Hypersymplectic structures with torsion on Lie algebroids

TL;DR

This paper explores hypersymplectic structures with torsion on Lie algebroids, revealing their relation to Nijenhuis morphisms, twisted Poisson structures, and hyperk"{a}hler structures, along with invariance under deformations.

Contribution

It establishes a correspondence between hypersymplectic structures with torsion and hyperk"{a}hler structures with torsion, and analyzes their behavior under Lie algebroid deformations.

Findings

Each hypersymplectic structure with torsion determines three Nijenhuis morphisms.

Such structures are equivalent to twisted Poisson structures from a contravariant perspective.

Deformations by transition morphisms do not alter hypersymplectic structures with torsion.

Abstract

Hypersymplectic structures with torsion on Lie algebroids are investigated.
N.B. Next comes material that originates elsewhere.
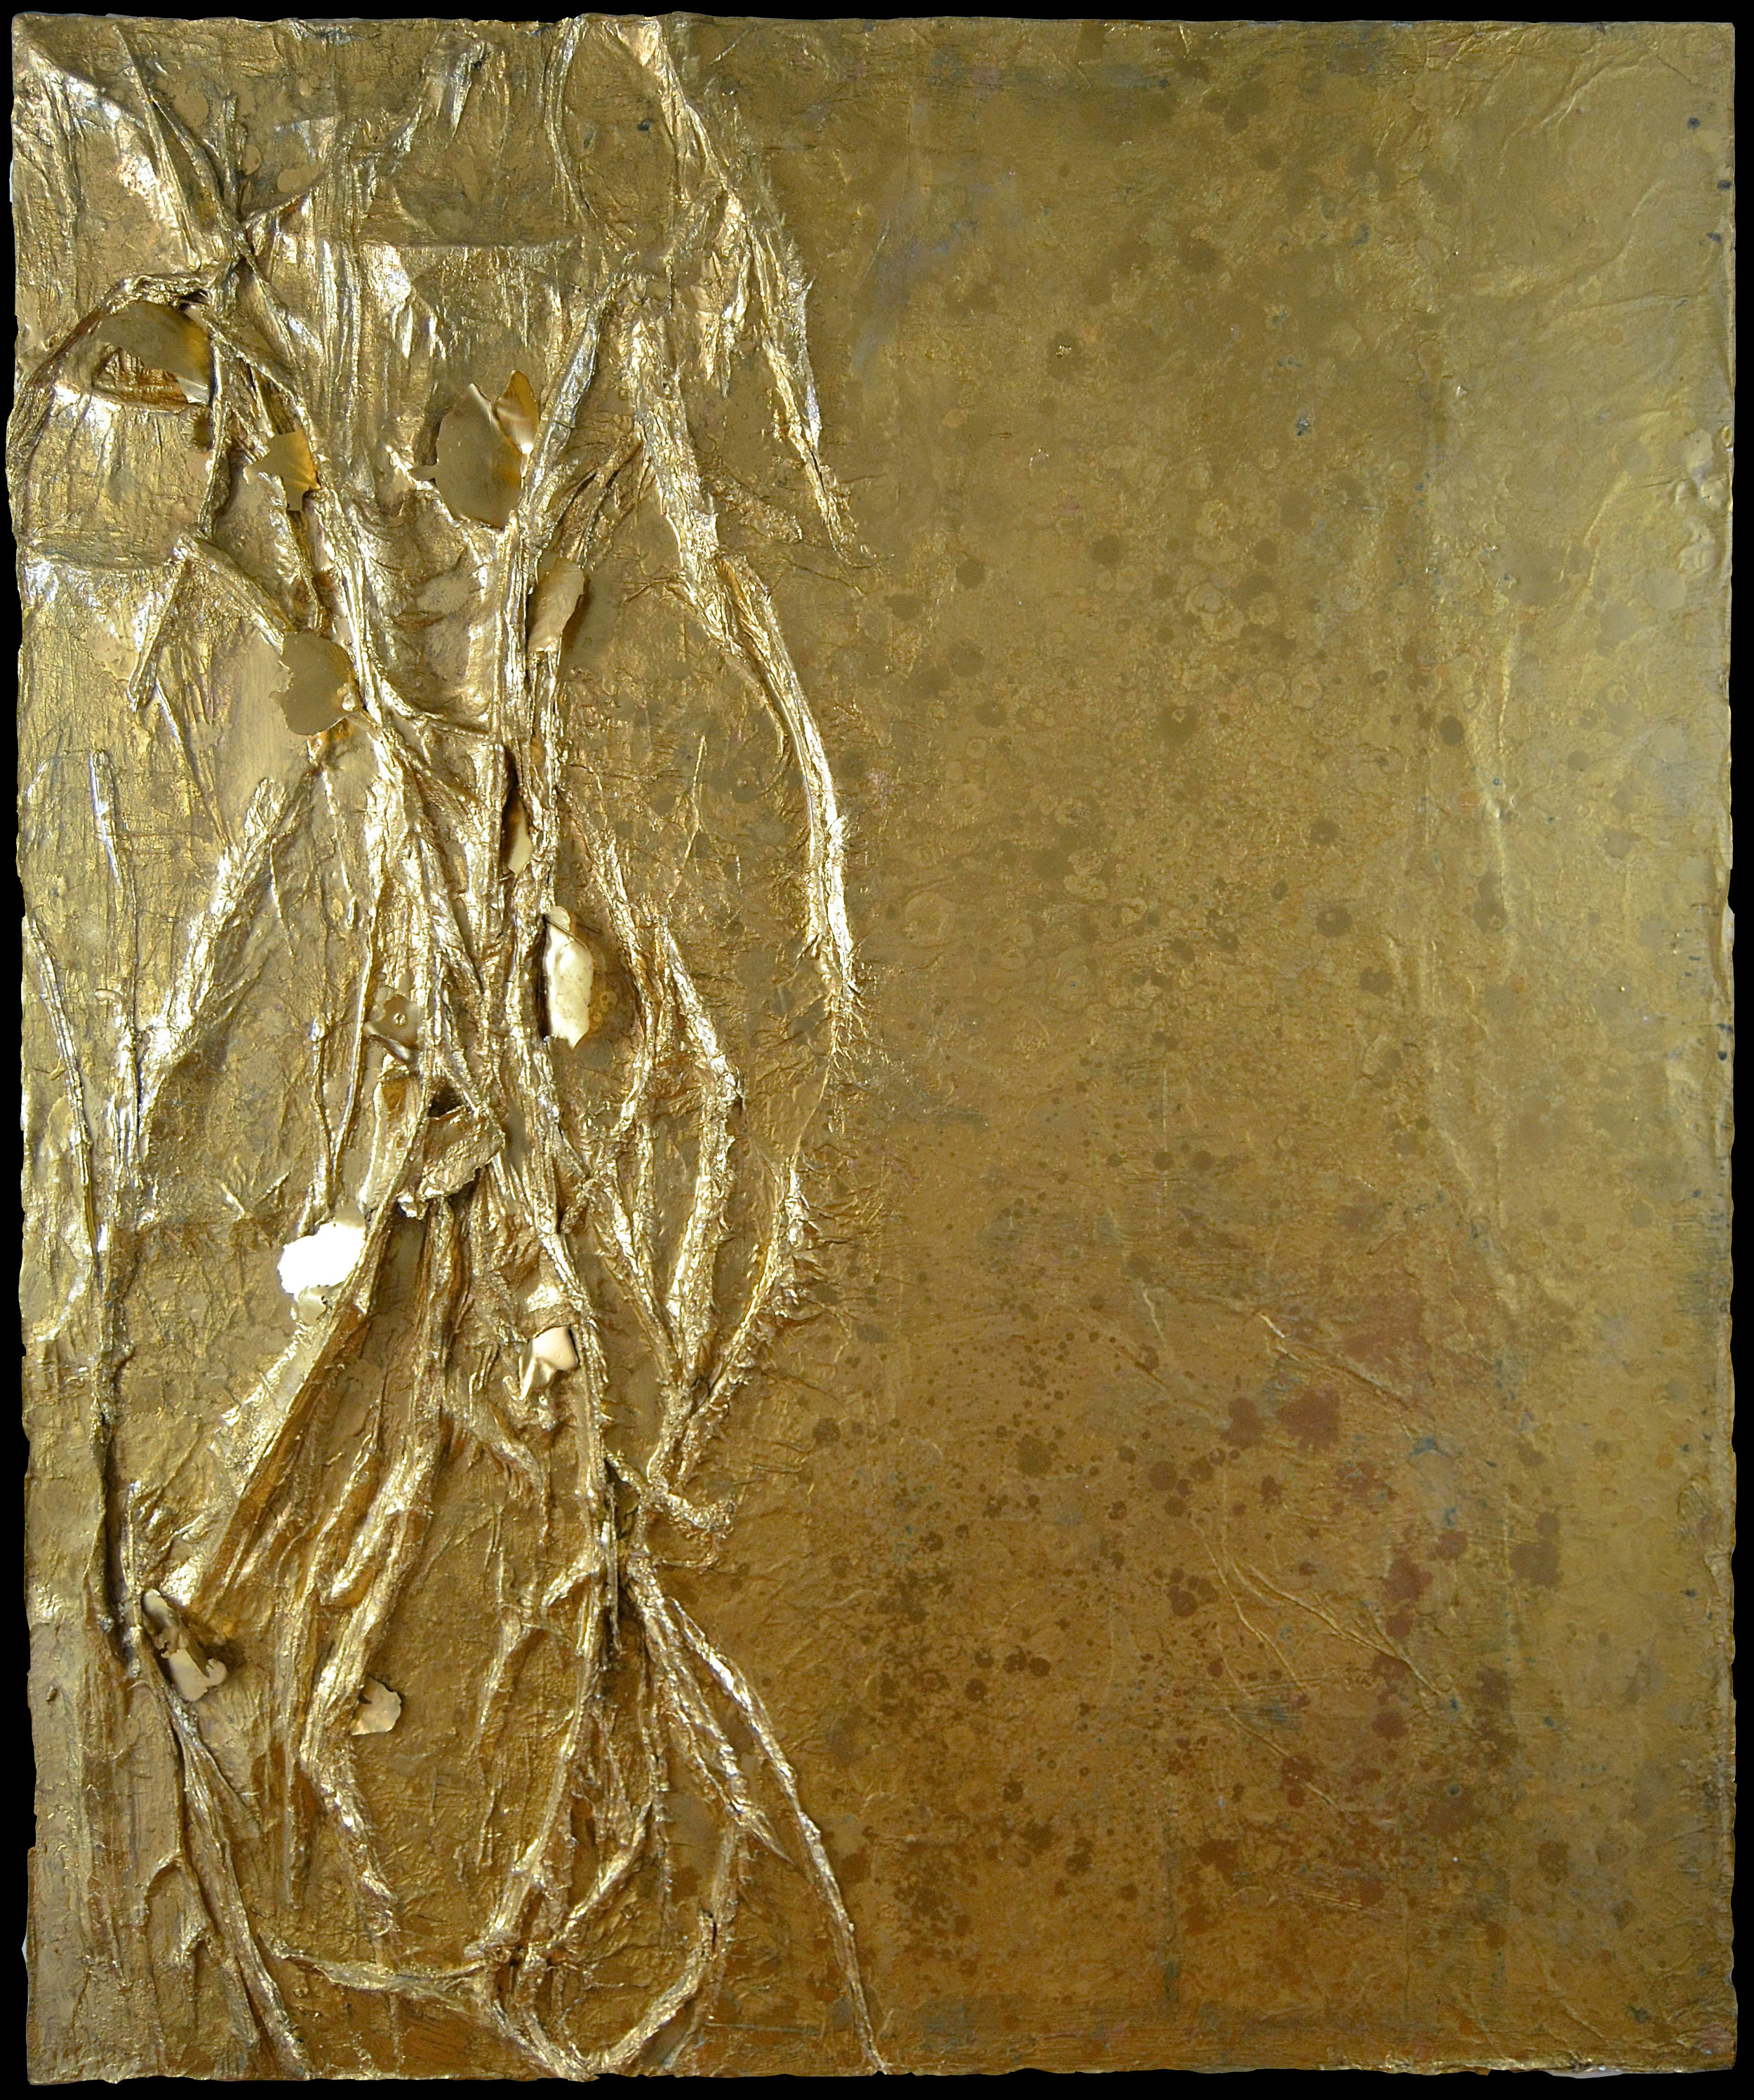 VEINS OF GOLD EMBEDDED - SARAH RASKEY FINE ART

We show that each hypersymplectic structure with torsion on a Lie algebroid determines three Nijenhuis morphisms. From a contravariant point of view, these structures are twisted Poisson structures. We prove the existence of a one-to-one correspondence between hypersymplectic structures with torsion and hyperk\"{a}hler structures with torsion. We show that given a Lie algebroid with a hypersymplectic structure with torsion, the deformation of the Lie algebroid structure by any of the transition morphisms does not affect the hypersymplectic structure with torsion. We also show that if a triplet of $2$-forms is a hypersymplectic structure with torsion on a Lie algebroid $A$, then the triplet of the inverse bivectors is a hypersymplectic structure with torsion for a certain Lie algebroid structure on the dual $A^*$, and conversely. Examples of hypersymplectic structures with torsion are included.